[INPUT DATA — start]
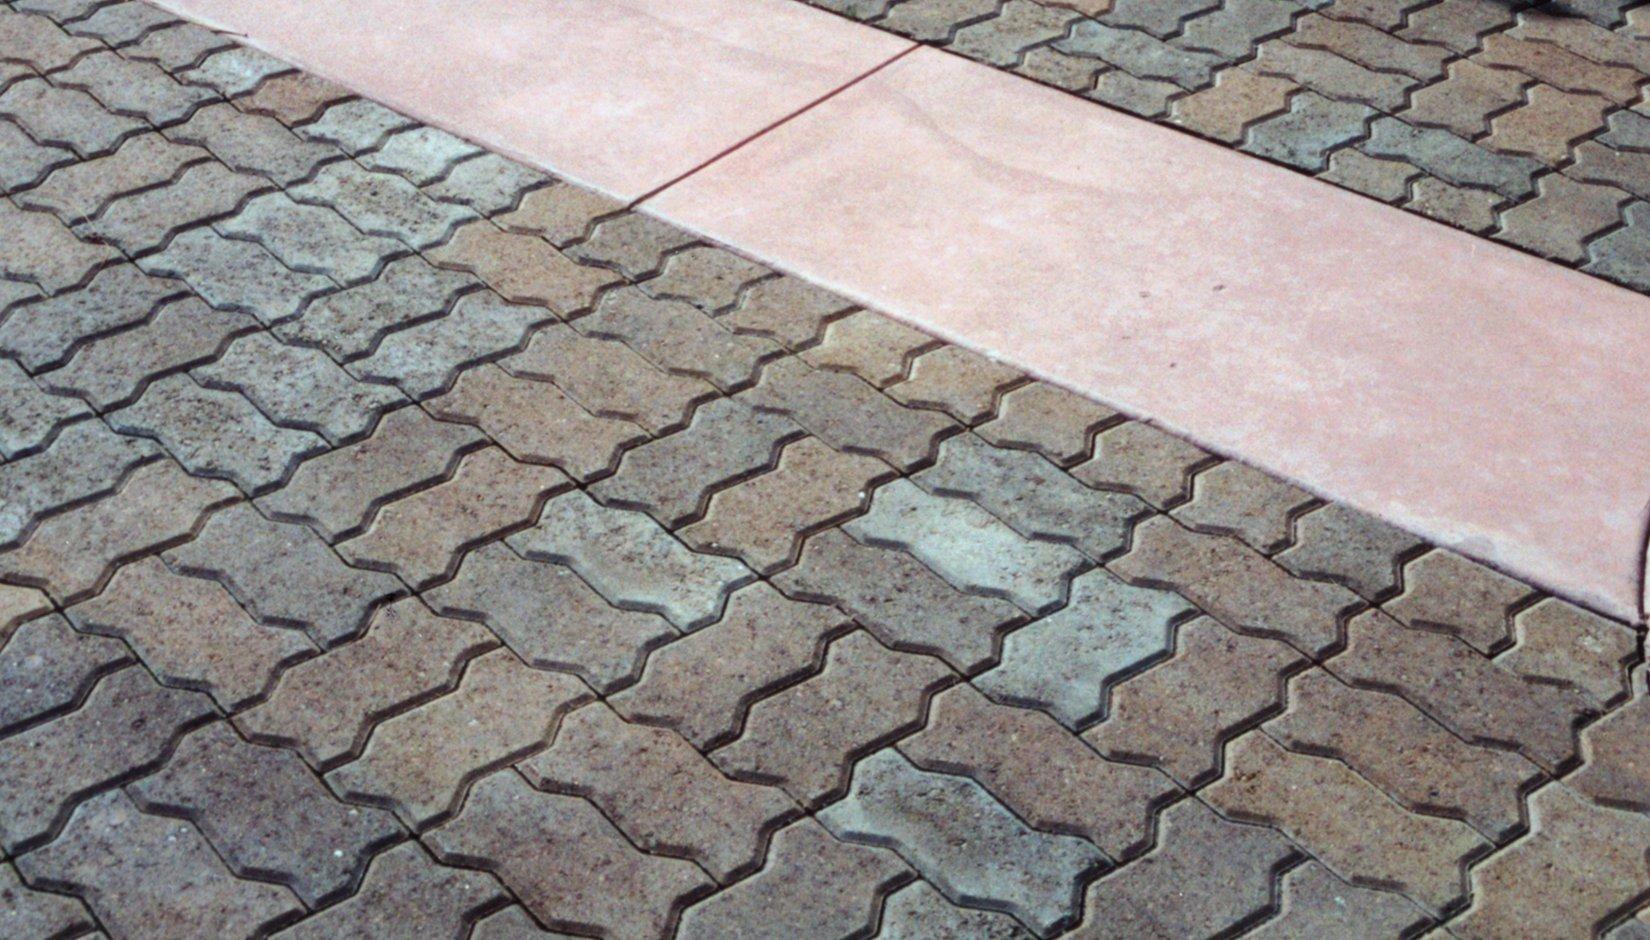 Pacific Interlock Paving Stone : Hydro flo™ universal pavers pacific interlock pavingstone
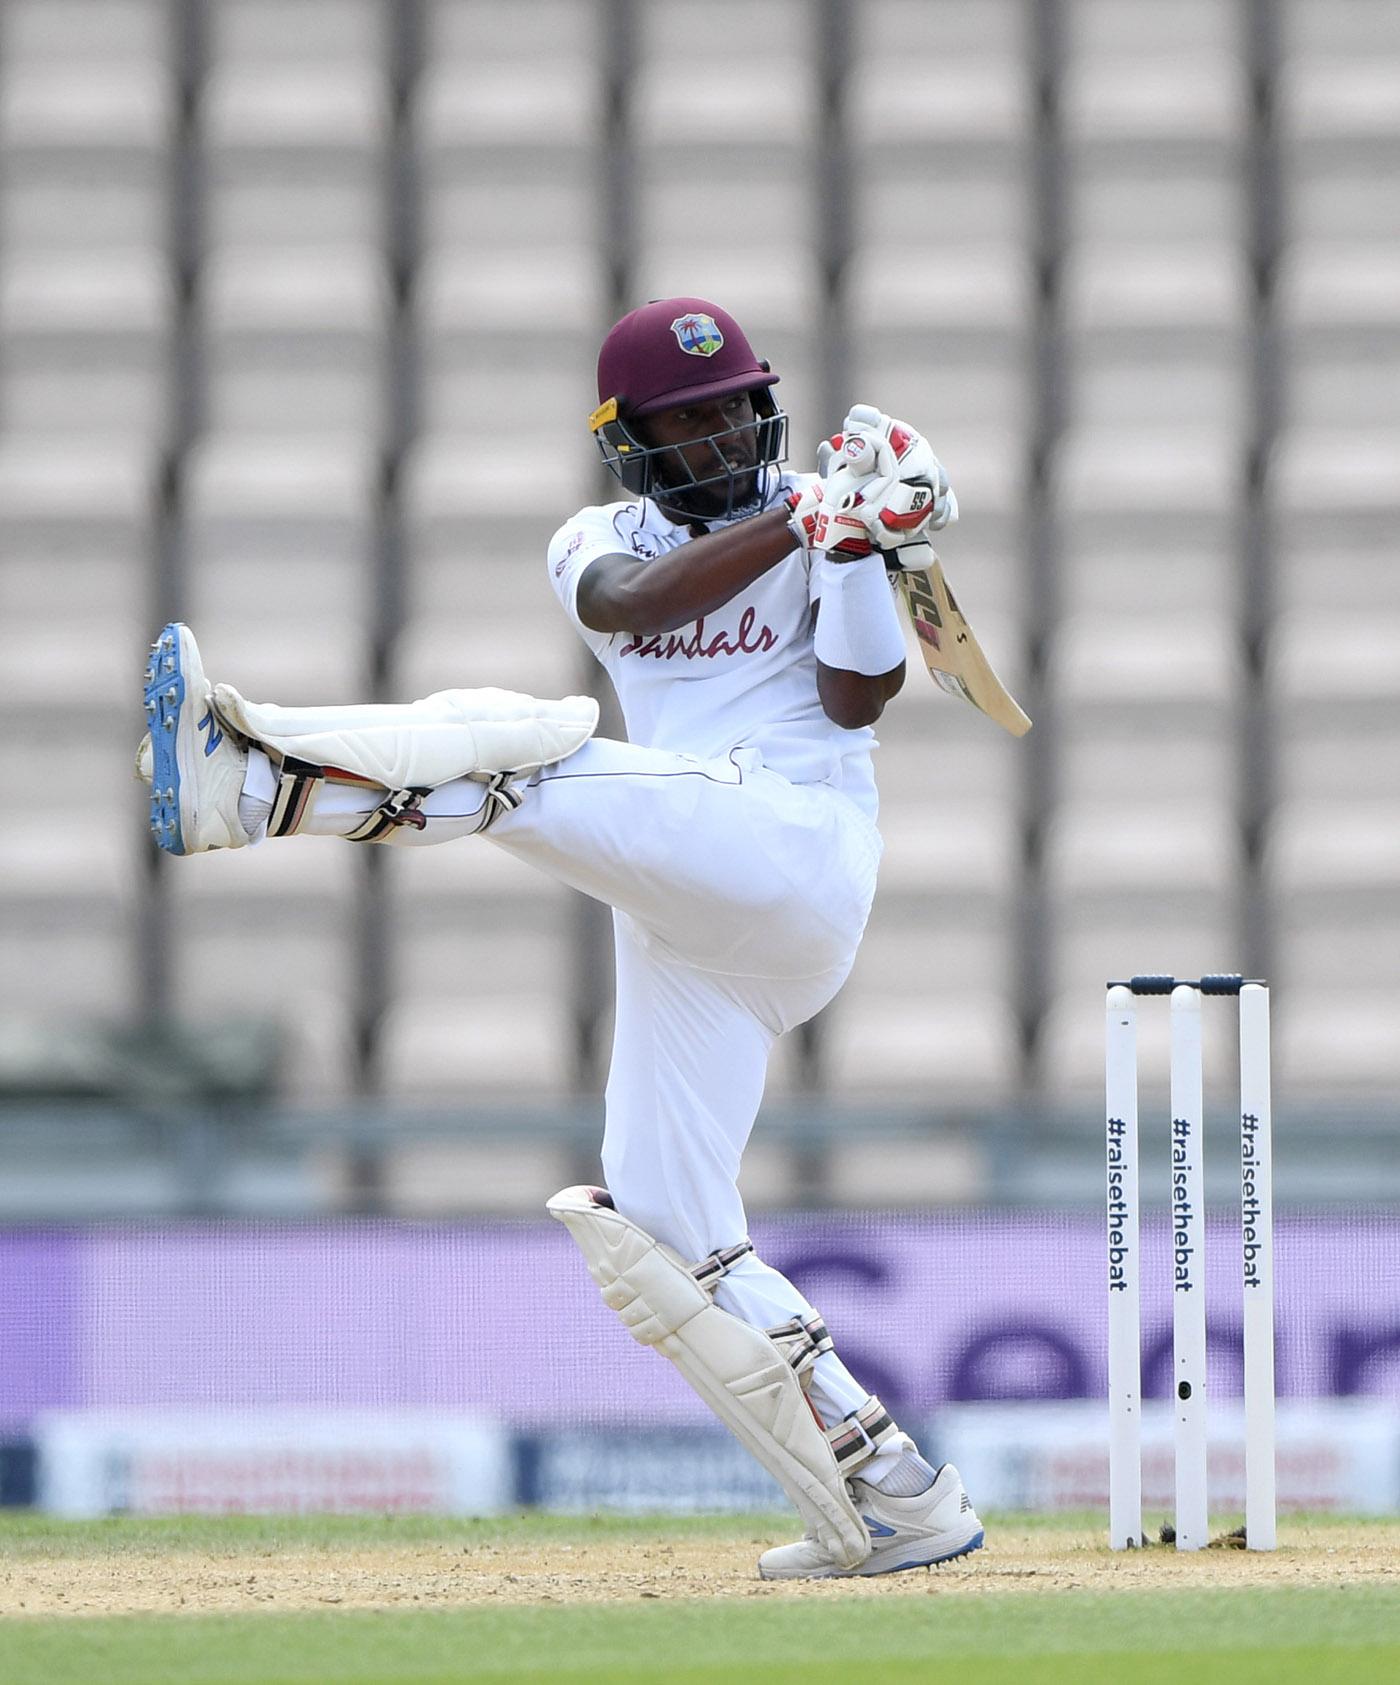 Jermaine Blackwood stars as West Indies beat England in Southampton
[INPUT DATA — finish]
[INPUT DATA — start]
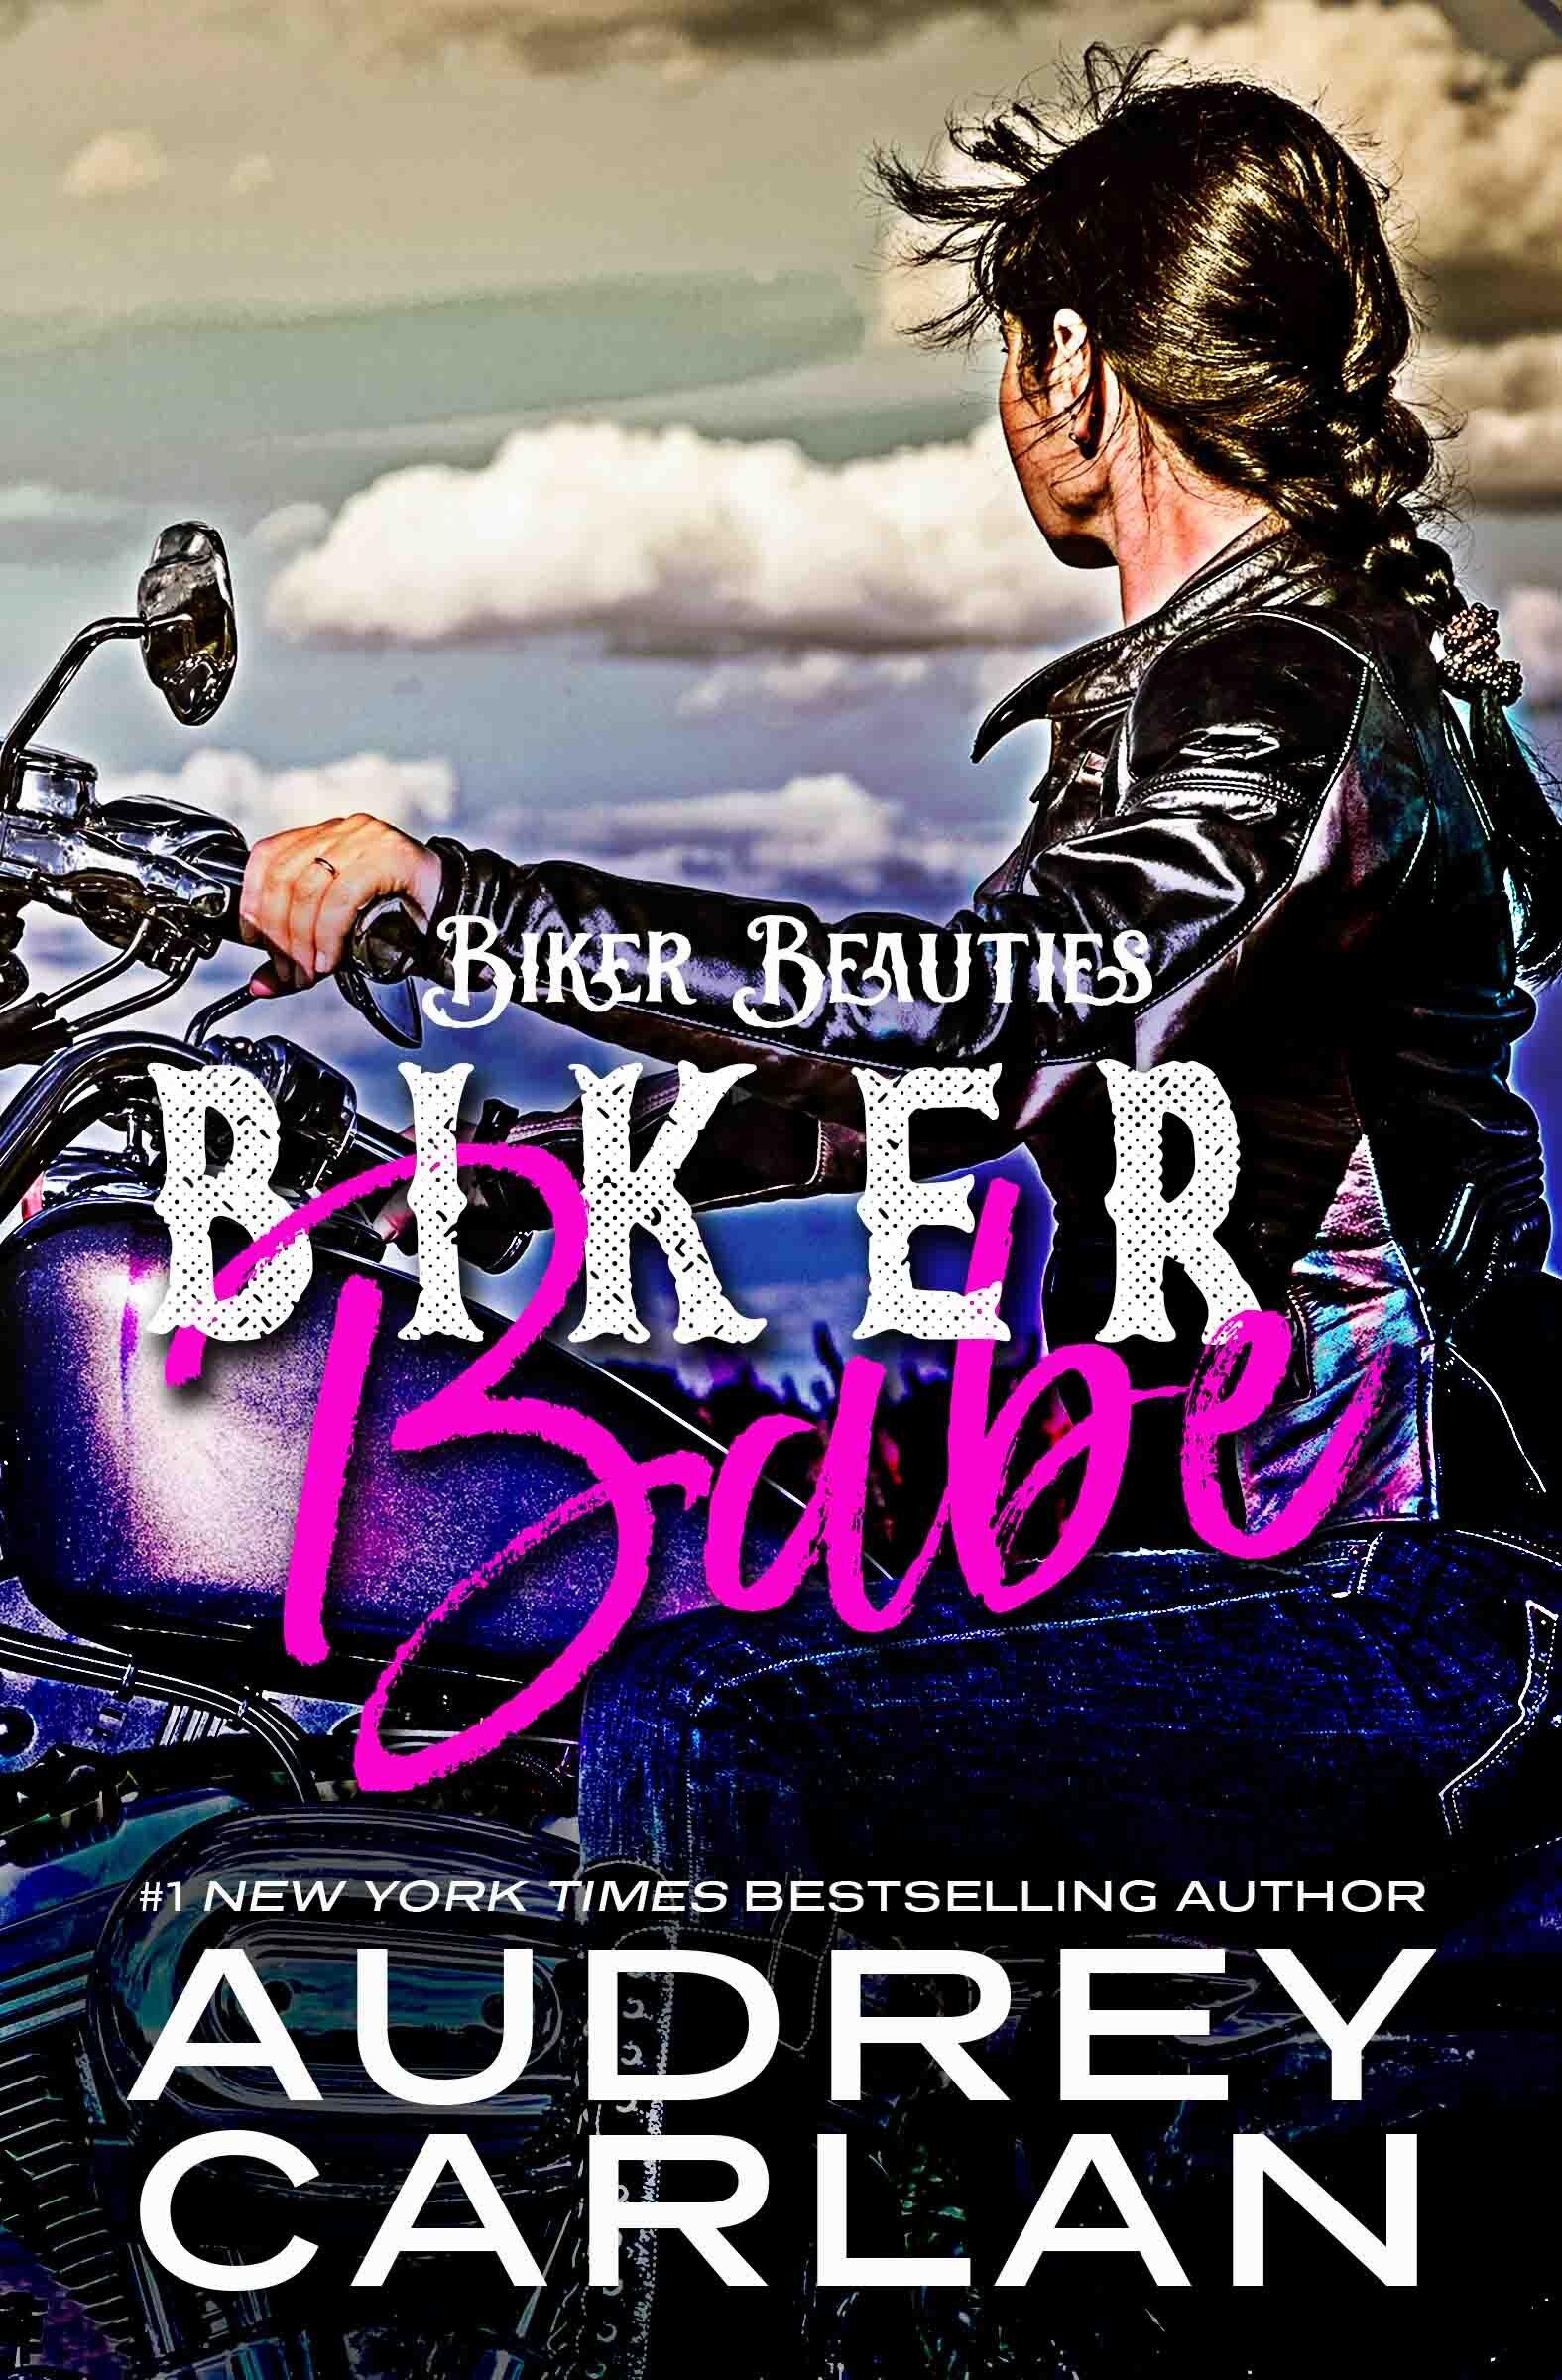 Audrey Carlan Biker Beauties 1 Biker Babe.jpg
[INPUT DATA — finish]
* _WHAT IS EXPECTED_
Range to copy from the listing above: the line with "Pacific Interlock Paving Stone" through the line with "Jermaine Blackwood stars". Transcribe it exactly and skip the pictures.

* _SOLUTION FOR THIS TASK_
 Pacific Interlock Paving Stone : Hydro flo™ universal pavers pacific interlock pavingstone
 Jermaine Blackwood stars as West Indies beat England in Southampton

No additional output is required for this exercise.